Я не заслуживал таких друзей, как Рут и Билл. Они были слишком порядочными, слишком доверчивыми. И я собирался воспользоваться их гостеприимством о-очень широко.
Как бы то ни было, я испытывал огромную благодарность за ключи от «Голубой фишки». Быстро приняв душ в их гостевой ванной комнате, я поехал в гавань Нью-Кройдона и поднялся на палубу яхты. Войдя в маленькую каюту, быстро огляделся. Под одной из коек было достаточно пустого места. На случай если вы не хотели идти под парусами, имелся мотор. Он был достаточно мощным, чтобы справиться с сильными течениями — особенно если вы включали автопилот на время сна и доверяли системе глобального позиционирования, установленной Биллом, вести яхту в нужном вам направлении. Если верить инструкции по использованию, которую я нашел на полке в каюте, с полным баком горючего можно было покрыть расстояние в две сотни миль. В небольшом шкафчике ближе к носу я обнаружил три канистры моторного топлива (Билл не хотел рисковать оказаться без горючего во время полного штиля). В кухоньке я заметил, что шланг, соединяющий плиту с газовым баллоном, поистрепался и был на скорую руку отремонтирован при помощи черной изоляционной ленты.
Я вышел на палубу, запер за собой каюту. День мрачный, небо тускло-серое, промозглый северный ветер. Я поднял воротник своей кожаной куртки и положил графики Билла перед штурвалом. Внимательно прочитал все, что говорилось о приливах-отливах на воскресенье и понедельник, затем занялся навигационной информацией о районе Лонг-Айленд Саунд. Я вел пальцем по извилистой линии побережья Коннектикута — рваная цепочка маленьких бухт и заливов — и не находил того, что искал, пока палец не замер к востоку от Нью-Лондона, на небольшом кусочке земли под названием Мемориальный парк Харкнесса.

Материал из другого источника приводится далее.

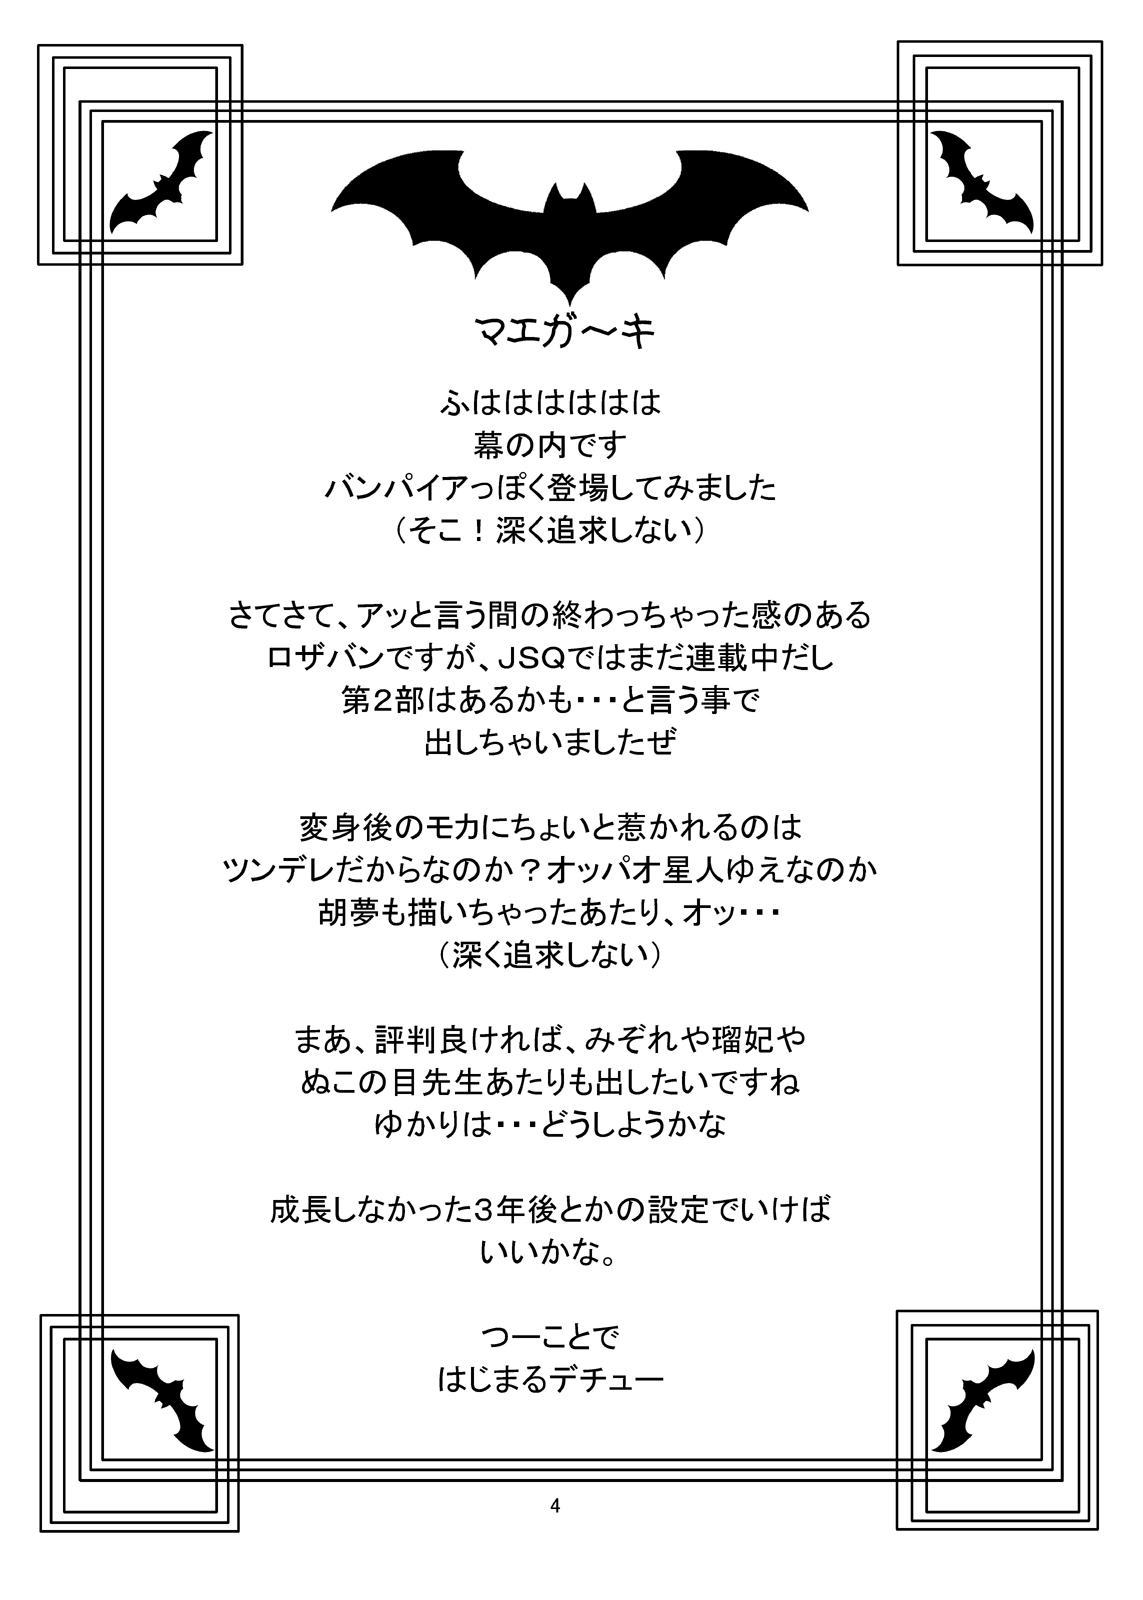 (COMIC1☆2) [Chandora & LUNCH BOX (Makunouchi Isami)] Moka & Mocha (Rosario + Vampire) (COMIC1☆2) [ちゃんどら & ランチBOX (幕の内勇)] もか&モカ (ロザリオとバンパイア)
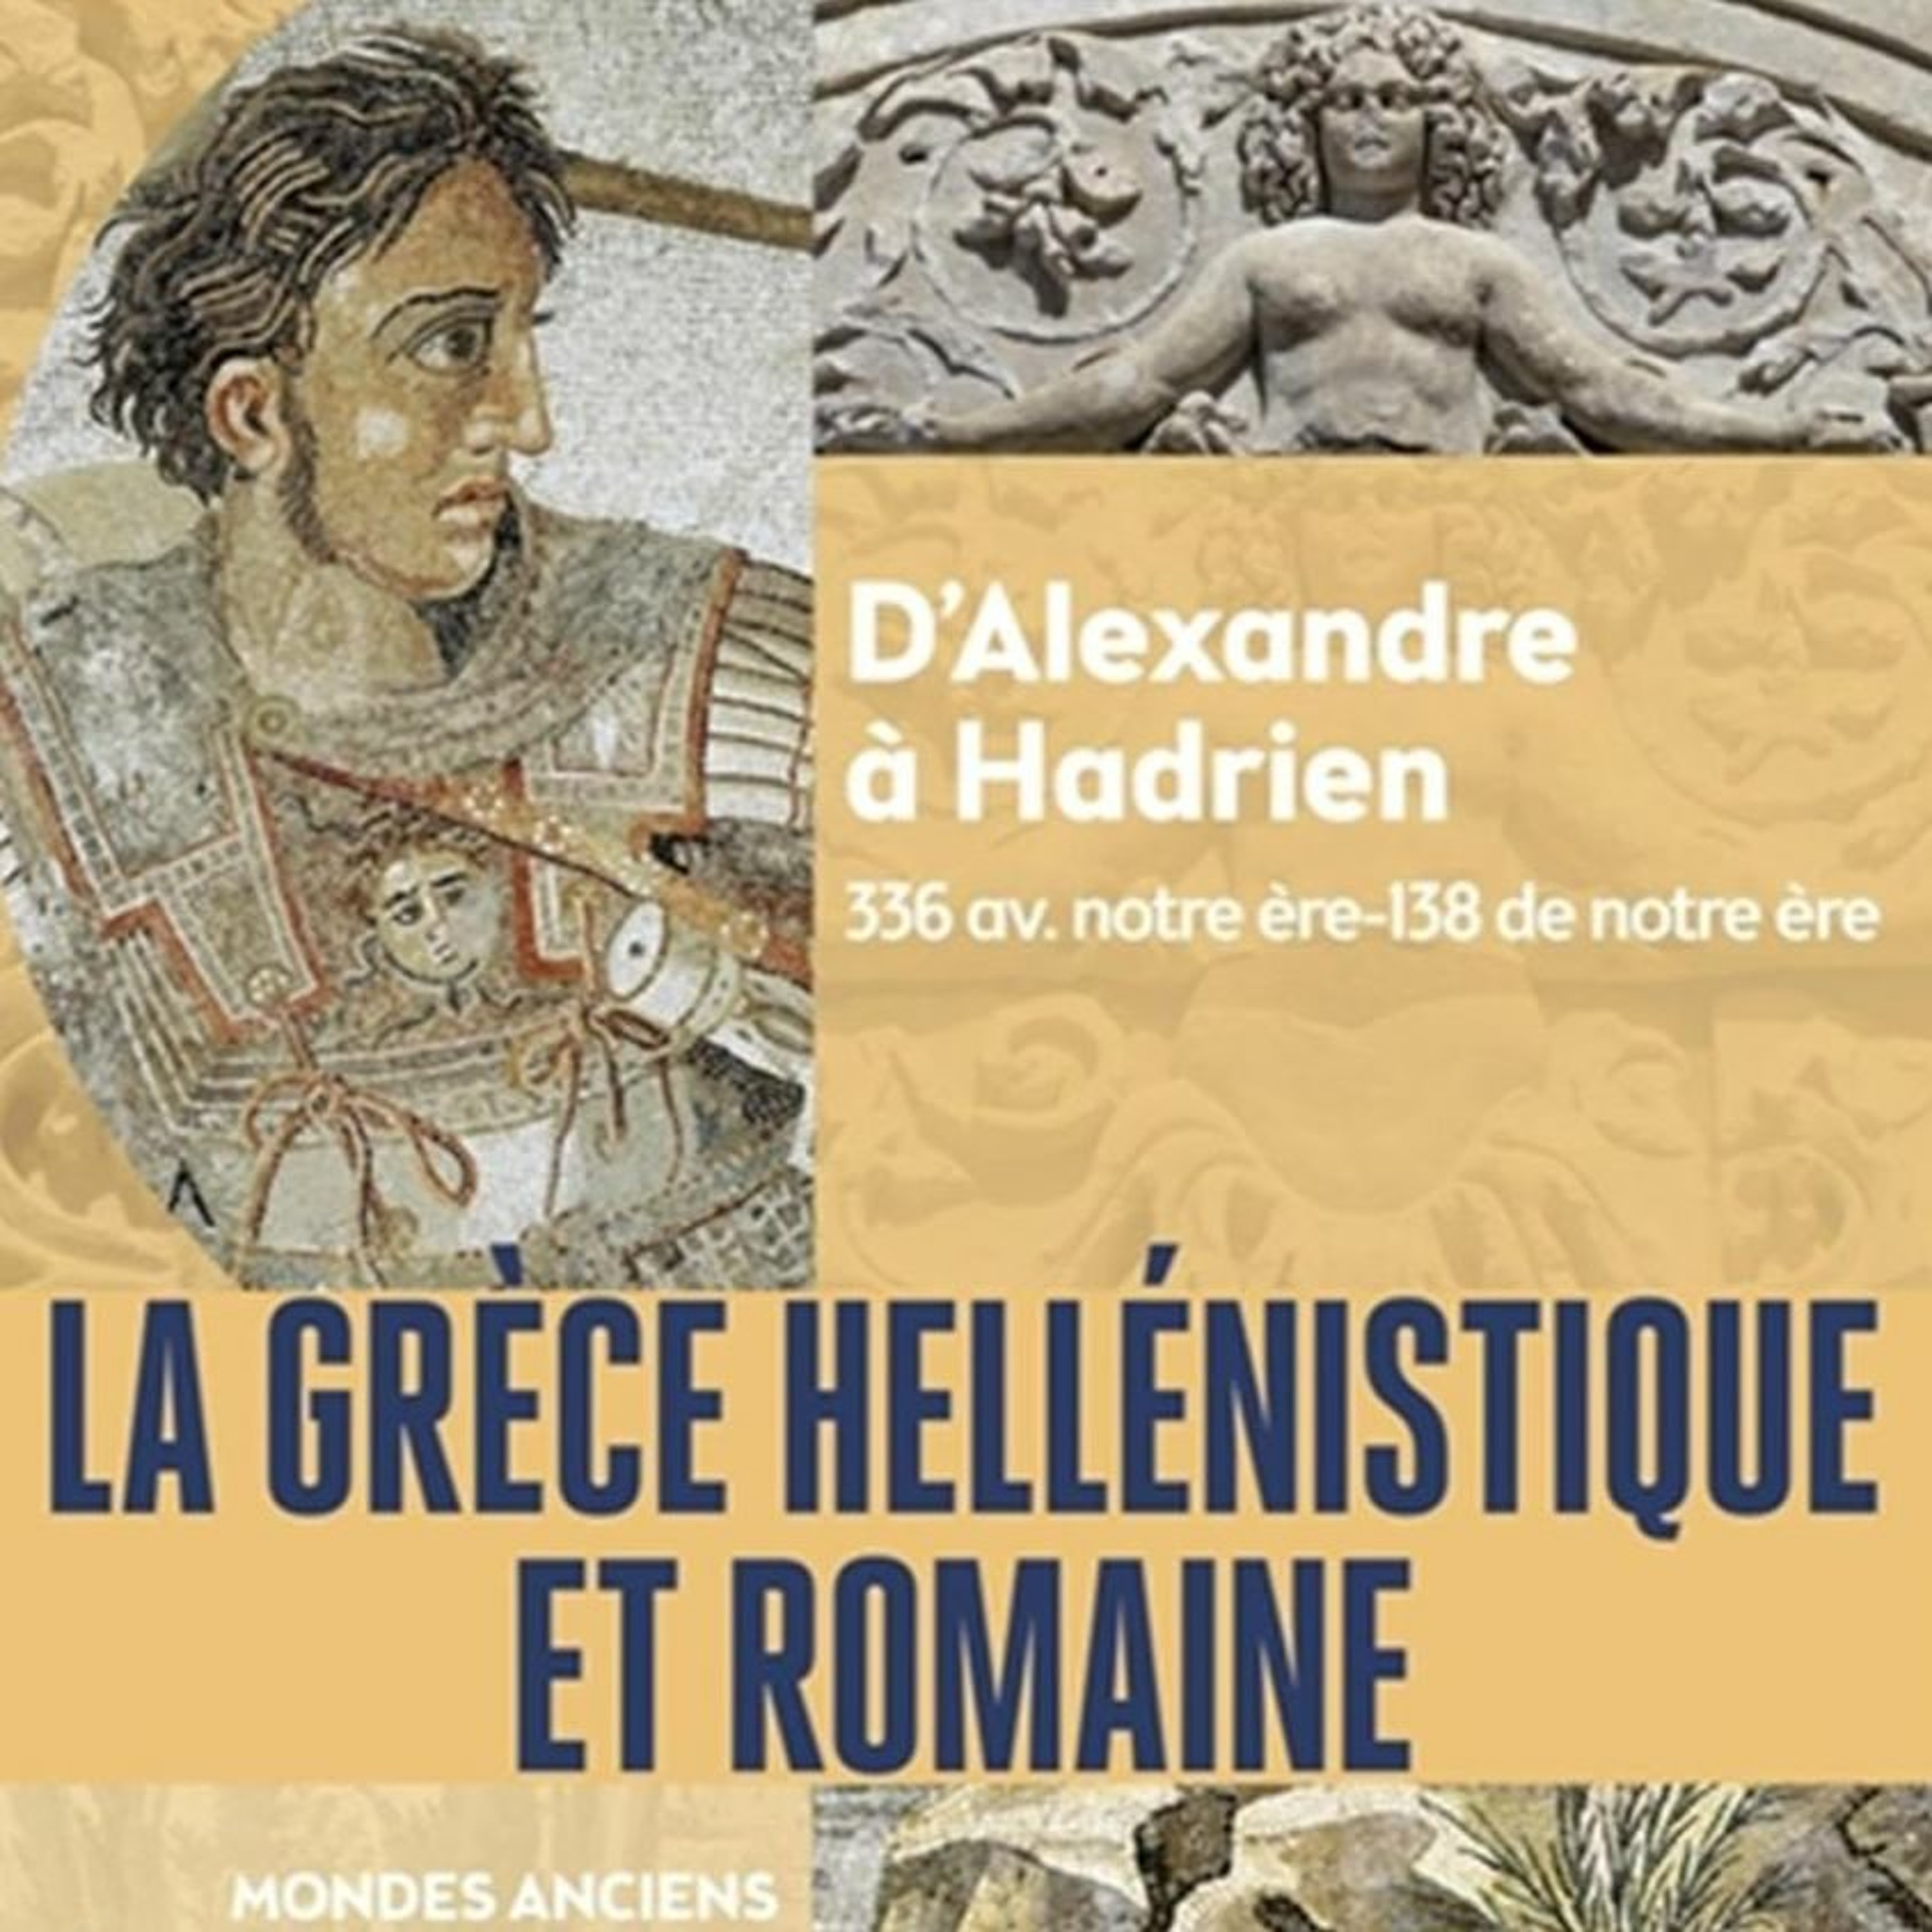 Chemins d’histoire-La Grèce hellénistique et romaine, avec C. Grandjean et C. Chandezon-19.04.24

Через два часа я уже был там, в сотне километров на северо-восток от Нью-Кройдона. Я ехал по шоссе I-95 к приморскому городу Нью-Лондон, месторасположению Академии береговой охраны, затем свернул на дорогу 213 и по ней проехал несколько миль до въезда в парк. Холмистые акры зеленых лужаек, столы для пикников, деревянные мостки, спускающиеся к пляжу, внушительный особняк Харкнесса, который был теперь превращен в музей и напоминал дом с привидениями из фильмов Винсента Прайса. Вход в парк загораживали низкие ворота, а рядом имелось объявление, что ворота эти закрываются на закате солнца. За ними виднелась будка дежурного. Поскольку шел уже третий день ноября, полиция никого там не оставляла — не сезон. По существу, весь парк в этот блеклый осенний четверг принадлежал мне. Я пошел вниз, к пляжу. Мне очень понравилось то, что я увидел. На воде несколько прогулочных лодок, время от времени проскакивает катер береговой охраны — и чистое, нетронутое пространство моря, которое через пятнадцать миль на восток превратится в Атлантический океан. Еще я заметил, что это был единственный участок пляжа, где не было дома фасадом на море, что означало, что я могу пристать сюда, не опасаясь быть увиденным. Меня слегка беспокоило присутствие береговой охраны. Вдруг эти ревнители порядка останавливают каждую лодку, дерзнувшую попасться им на пути? Хотя их задача охранять берег, так что зачем им заниматься прогулочной лодкой, плывущей к берегу? Да, это самое подходящее место. И пока течение на моей стороне, плавание в Атлантический океан будет легким.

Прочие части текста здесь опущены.